== What to work on ==
All of the lines below are to be transcribed faithfully, with pictures excluded from the copy.

======== Recorded data

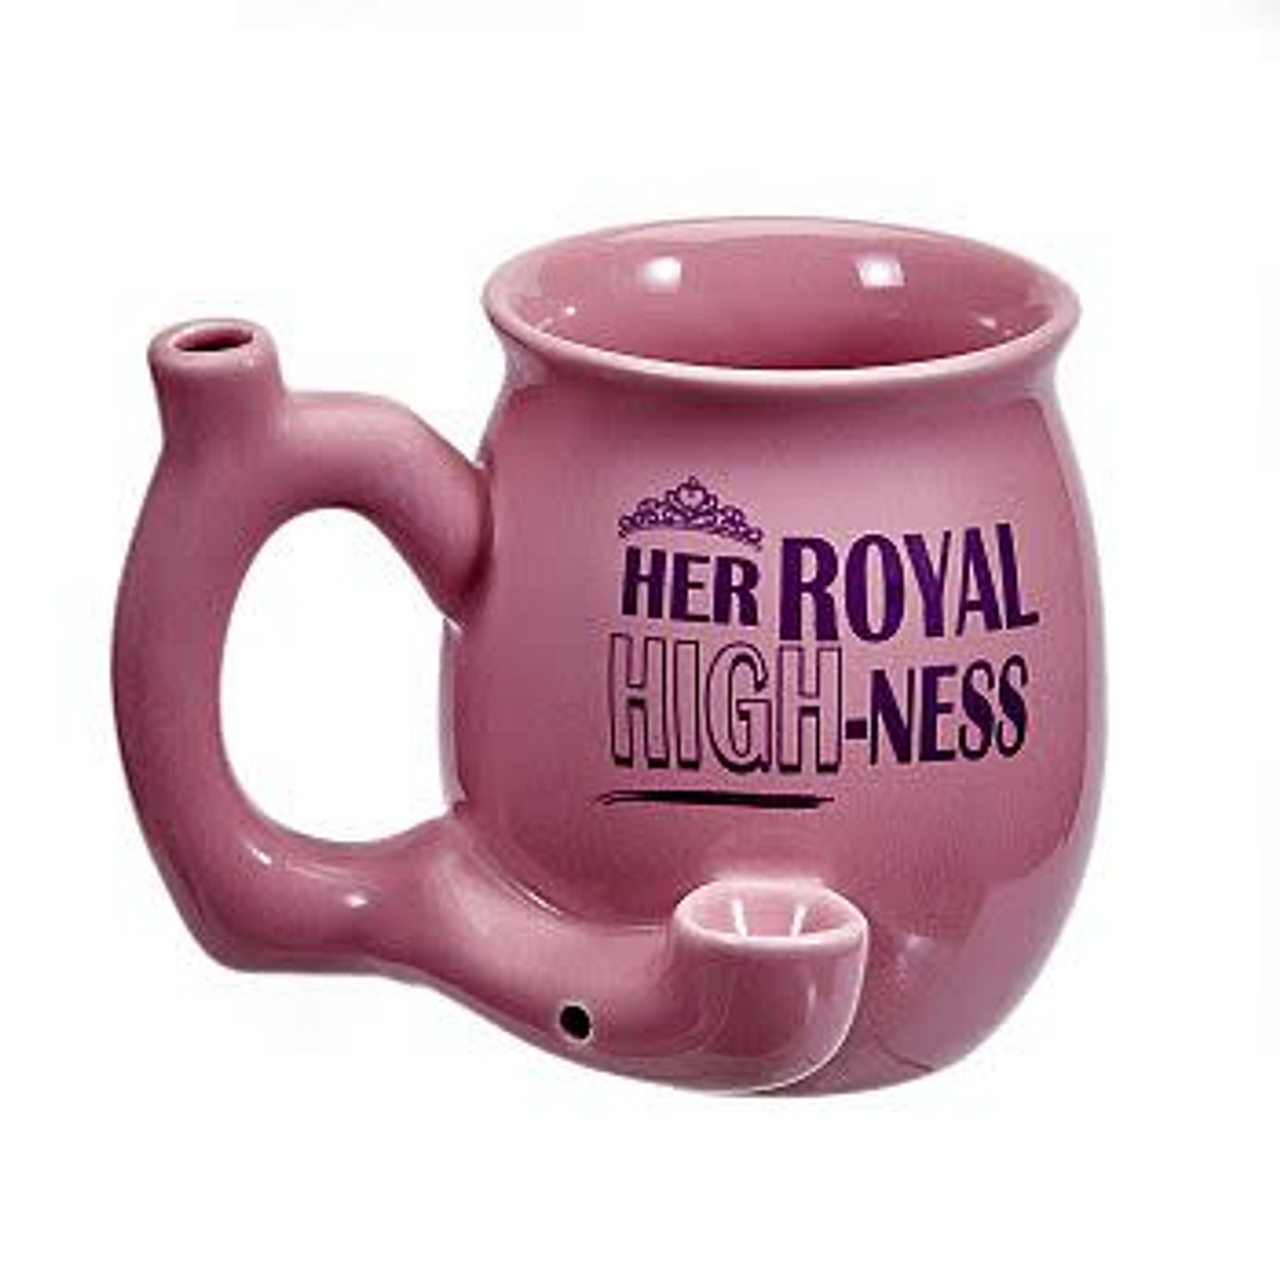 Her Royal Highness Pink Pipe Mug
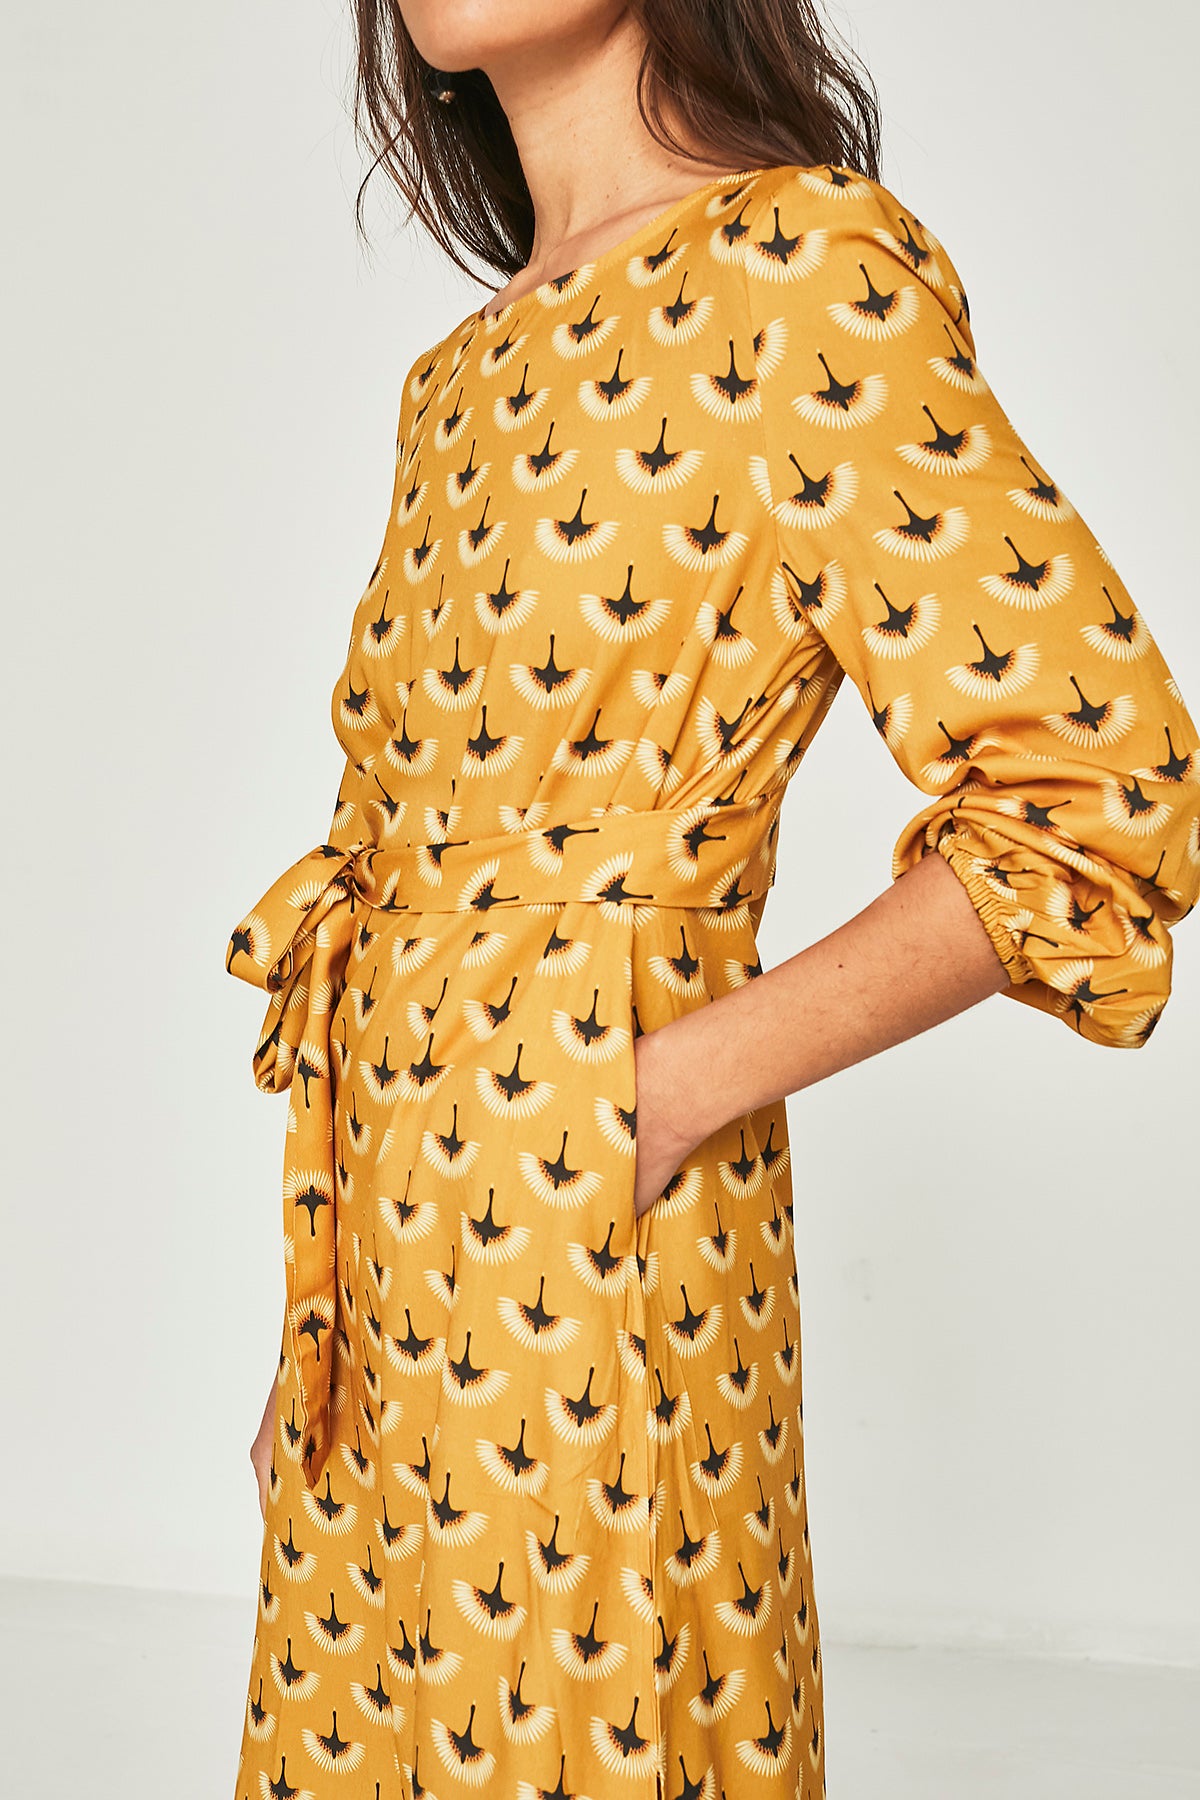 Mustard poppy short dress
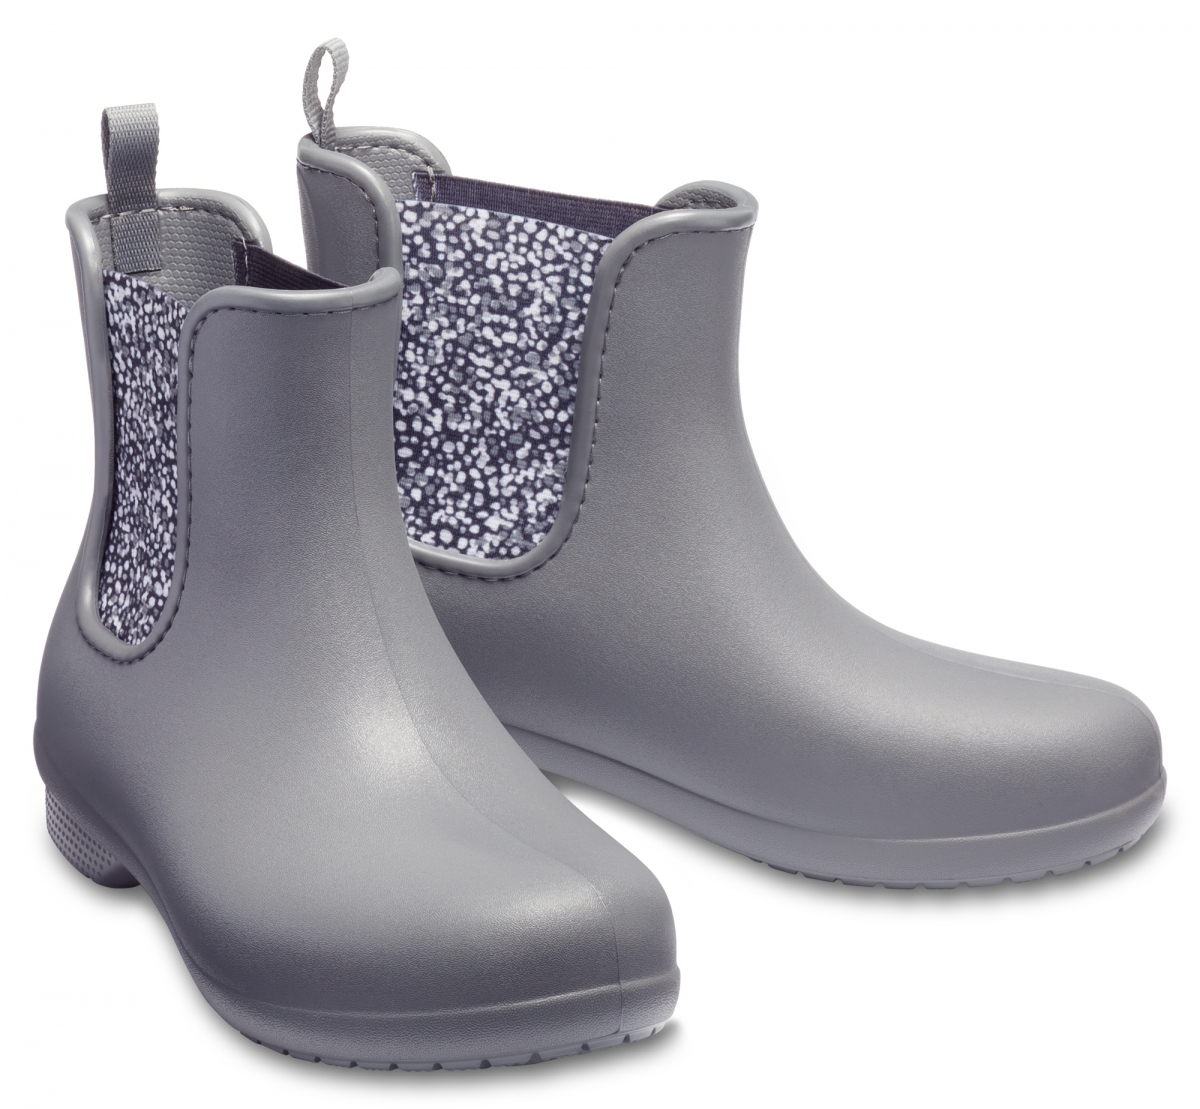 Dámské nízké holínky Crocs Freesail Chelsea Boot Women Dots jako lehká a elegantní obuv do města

================

== Exercise result ==
 Her Royal Highness Pink Pipe Mug
 Mustard poppy short dress
 Dámské nízké holínky Crocs Freesail Chelsea Boot Women Dots jako lehká a elegantní obuv do města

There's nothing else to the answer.